The pathophysiology of O-OPM has not yet been fully clarified. We speculate that one possible explanation for this condition may be based on the trigeminovascular theory (3) proposed by Carlow. In all the six child patients reported by Carlow, the observed nodular lesion with a trapezoidal configuration in the REZ might have been NMH. Carlow described that the focal nerve enlargement was due to repeated demyelination and remyelination, and therefore the nerve edema improved upon restoration of the blood-nerve barrier during periods of headache remission, resulting in a decrease in the contrast enhancement of the lesion. Carlow considers the mechanism to be equivalent to the contrast enhancement in the nerve root hypertrophy observed in Guillain-Barre syndrome and chronic inflammatory demyelinating polyneuropathy (3,12–15). During the chronic phase, nerve hypertrophy leads to scar formation, possibly resulting in irreversible oculomotor palsy (3,12–15). However, these six cases were children with a mean age of 3.7 years. During the interictal migraine phase, nodules were present, although the degree of contrast enhancement in the lesion was reduced. Moreover, because the number of migraine episodes was limited (about 1 to 2), these cases are unlikely to have a prolonged course leading to secondary nerve hypertrophy due to repeated neuritis.

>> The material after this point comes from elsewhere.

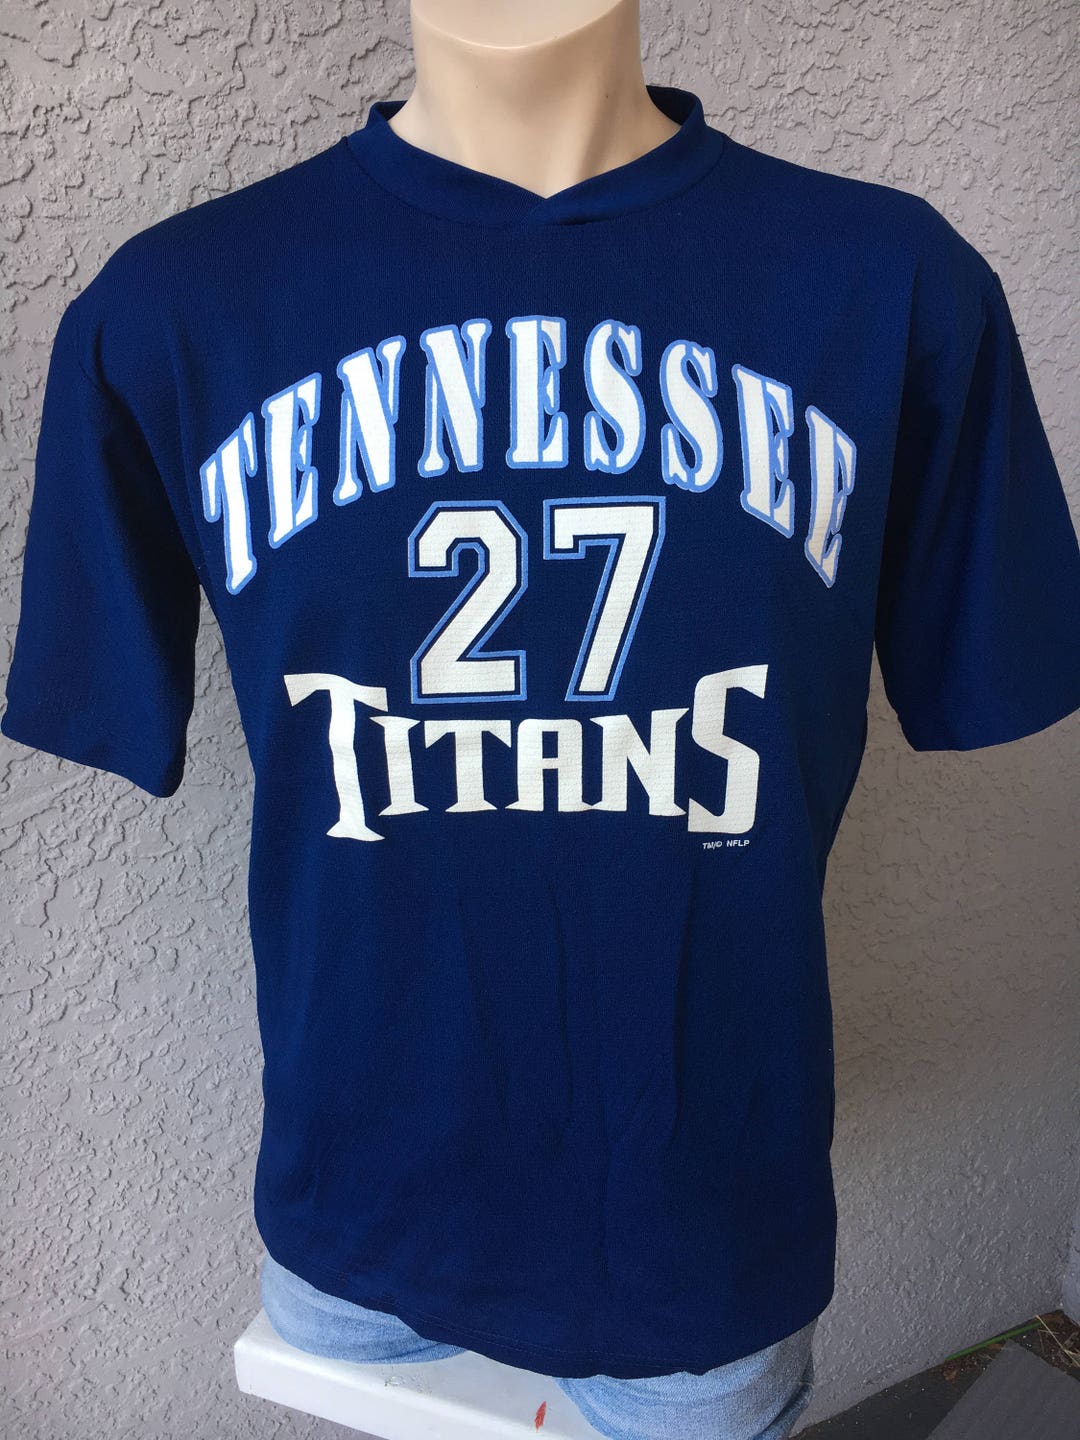 VINTAGE Logo Athletic Adult Mens XL Eddie George Tennessee Titans Jersey  T-Shirt
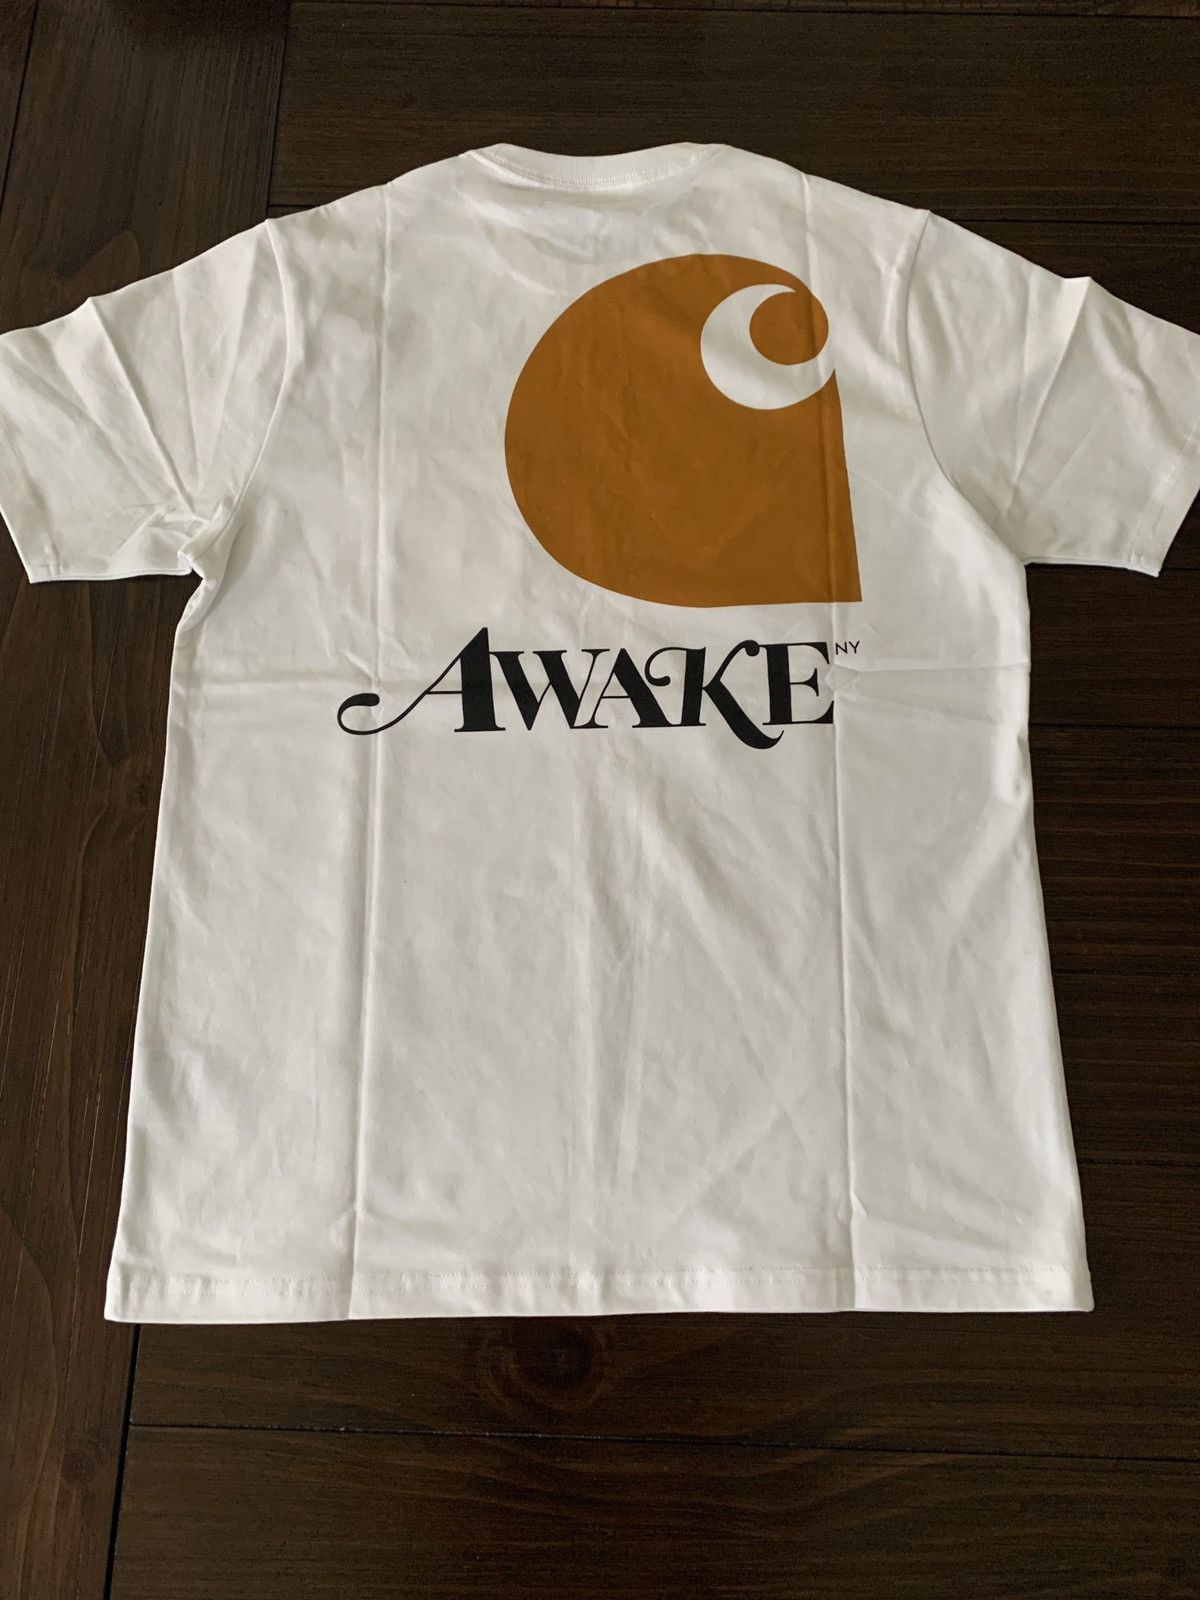 Carhartt Awake x Carhartt Wip pocket t-shirt | Grailed

In the present case, oculomotor nerve axons were preserved, although slight edematous swelling was observed. There were no obvious findings of inflammatory cell infiltration or demyelination and thus the strong contrast enhancement of the oculomotor nerve was not changed throughout. The nerve bundles were surrounded by smooth muscle tissue intermingled with slightly proliferated Schwann cells (5,16). We can therefore speculate that the trigeminovascular stimulation-induced dilatation of the blood vessels that supply the oculomotor nerve (3,17) could cause contraction of the muscle structure of the NMH (5), and the resulting strangulation of the oculomotor nerve axons may cause ophthalmoplegia. If these mechanisms occur repeatedly over a long period of time, progression of axonal damage may occur, leading to permanent ophthalmoplegia. The NMH mass in the present case was separated from the surrounding structures by surgical intervention, and biopsy was performed following the partial application of electric cautery. Given that there was no evidence of dilatation of vessels supplying the oculomotor nerve, we speculate that these procedures may have reduced the vascular supply to the muscle structures involved, leading to an improvement in the frequency and intensity of the O-OPM in this case.

Conclusion

Even though the extent of applicability of these findings is limited as a brief report, we describe an extremely rare case of a patient who had a long history of O-OPM due to NMH developing in the oculomotor nerve. Although the primary cause of O-OPM has been considered to be chronically repeated demyelinative change, the presence of NMH in this case is highly likely to be involved in the etiology of the O-OPM.